The short answer is “no.” The U.S. Department of Agriculture (USDA) organic certification is under a federal FDA program and it does not certify weed as organic because it is against federal law. 

As a result, a company called Clean Green created a clean cannabis certification program that mimics the USDA organic program. Clean Green Director and California Medical Cannabis Compliance Attorney Chris Van Hook has been in agriculture his whole life, went to law school, and became accredited through the USDA Organic Program (the sanctioning body that allows companies to put the USDA Organic logo on eggs, apples, zucchini, and other edible products). 

“We bring agriculture standards into the cannabis industry,” Van Hook says of Clean Green. “There are only 84 entities worldwide that have made it through this accreditation process. In 2004, the organic industry asked me if I could certify cannabis as organic. California said yes, saying that it could be treated like any other product. However, the federal government said no. There was also an issue of changing regulations state-to-state. (Organic labelling on cannabis) created customer confusion.” 

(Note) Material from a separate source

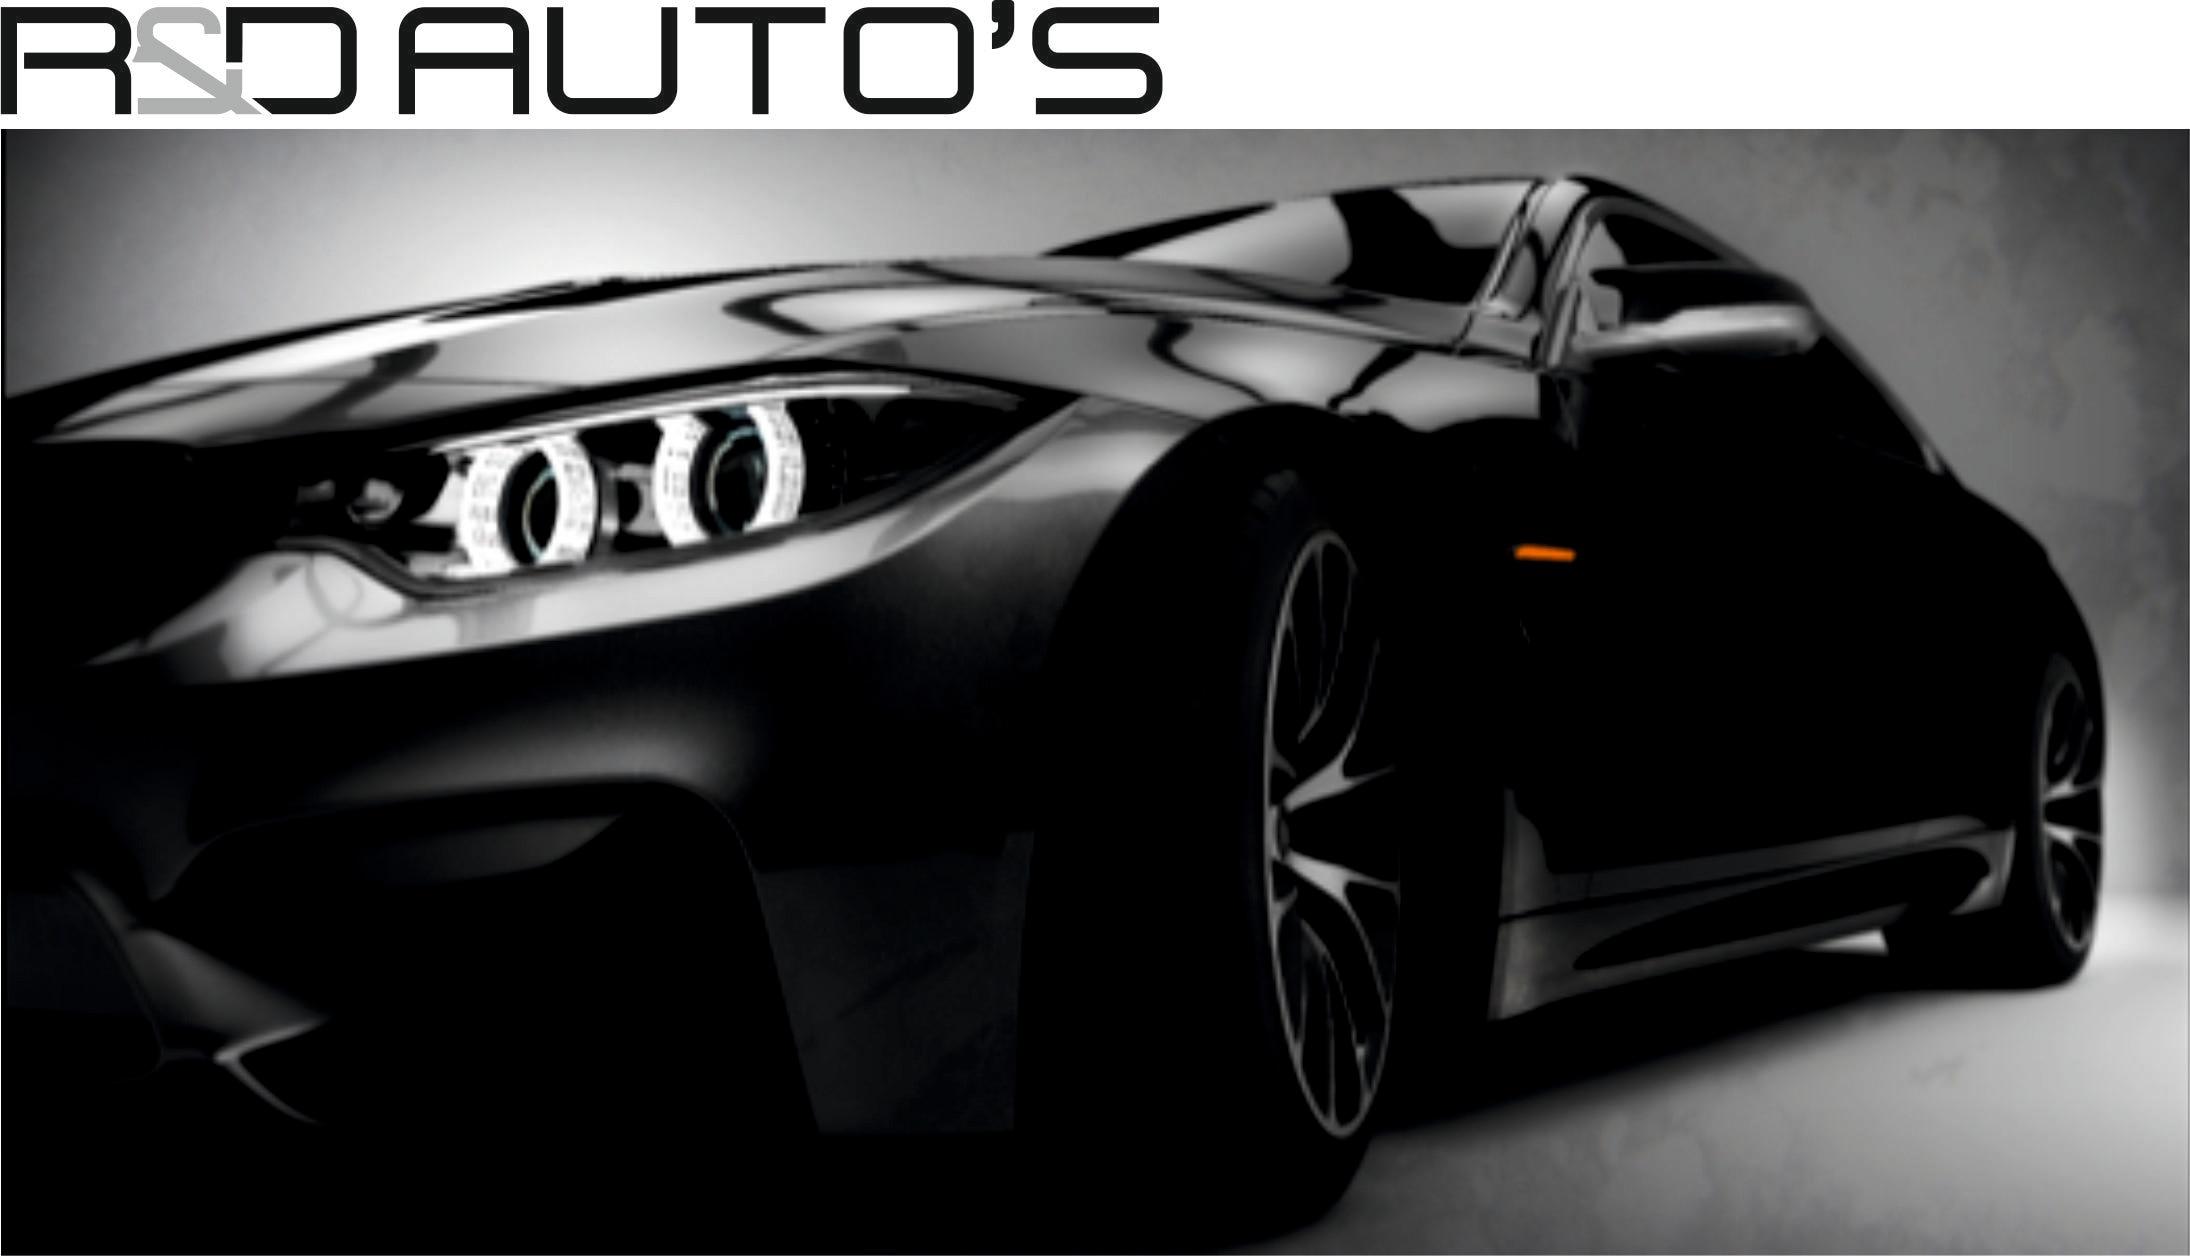 R&D Auto's

Instead, he created a program that is as close to “organic” as you can get, offering an accreditation program that promotes responsible agriculture and meets the qualifications any other organic agricultural crop would have to prove to the USDA. 

For instance, to create an organic cannabis product, fertilizers must have naturally-based ingredients such as chicken manure or oyster shells, pesticides may include clove oil and biological insects. However, Van Hook says that being actively involved in a crop is the best way to turn out the world’s finest and safest cannabis. 

The General Consensus 

Although Nevada’s testing labs only opened in 2015, a lot has changed as testing infrastructure was established and tinkered with for the betterment of the patients. “It’s come a long way but how lab testing is right now is so critical,” says Garcia of 374 Labs. “I think we bring a lot of legitimacy to the industry that wasn’t there before. A failed crop is a big hit to the business; you could be losing $5,000 on a fail but now growers can get real metrics from a lab. I think that the industry sees value in having added information about the plants that people didn’t have before. It’s important that people get a product that’s safe, tested, and clean. It will be interesting to see how industries mature, and I think we’ll see more cross-validation in Nevada.” 

Tung of G3 Labs agrees, noting that “testing is an integral part of the industry and functions as the front line of protecting/defending end users. Nevada’s testing requirements are on the vanguard in the country. That being said, the industry often has to play catch up to achieve full compliance.”